Perché gli uomini non possono più essere i grandi assenti

Nel dibattito sui diritti riproduttivi e sul corpo femminile, c'è una voce che risuona con una chiarezza disarmante, invitandoci a un cambio di prospettiva tanto radicale quanto necessario. È la voce di Gabrielle Blair, madre di sei figli e mormone, che nel 2018 con un tweet diventato virale ha scosso le fondamenta di molte convinzioni: "Ho ascoltato gli uomini pontificare sui diritti riproduttivi delle donne, e sono convinta che gli uomini in realtà non abbiano alcun interesse a fermare l'aborto. Ecco perché…"
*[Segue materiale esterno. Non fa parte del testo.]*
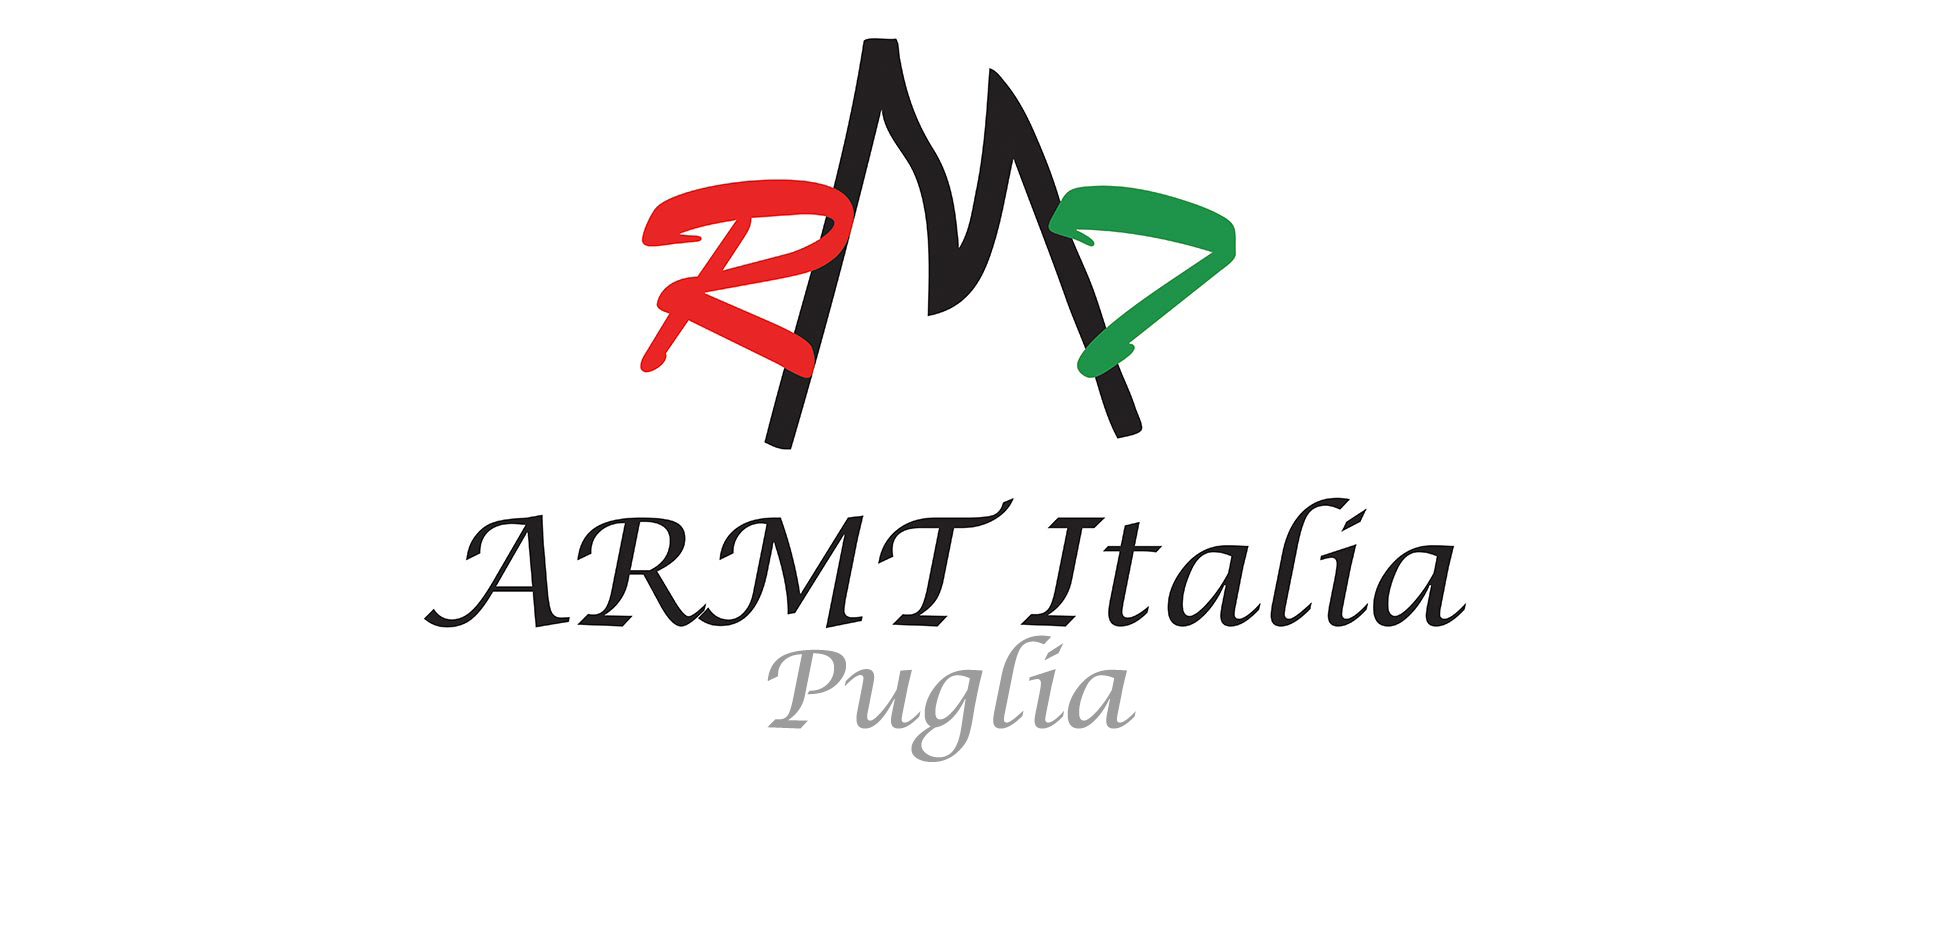 ARMT Italia (Puglia)

Queste parole offronoo uno spunto cruciale per riflettere sul ruolo maschile nelle questioni che riguardano il corpo e l'autodeterminazione femminile. Per troppo tempo, la discussione si è concentrata quasi esclusivamente sulle donne, sulle loro scelte, sui loro corpi, lasciando gli uomini ai margini, o peggio, nel ruolo di chi pretende di decidere per altri. È ora di cambiare paradigma.

"Gli uomini sono responsabili al 100% delle gravidanze indesiderate"

Il fulcro dell'argomentazione di Gabrielle Blair, sviluppata in un lungo e dettagliato thread, è tanto semplice quanto potente: se si vuole seriamente ridurre il numero di aborti, bisogna prevenire le gravidanze indesiderate. E, secondo lei, la responsabilità di queste gravidanze ricade interamente sugli uomini. Blair sottolinea dati biologici incontrovertibili: una donna è fertile solo per pochi giorni al mese, per un numero limitato di anni. Un uomo, al contrario, può causare una gravidanza 365 giorni all'anno, per gran parte della sua vita.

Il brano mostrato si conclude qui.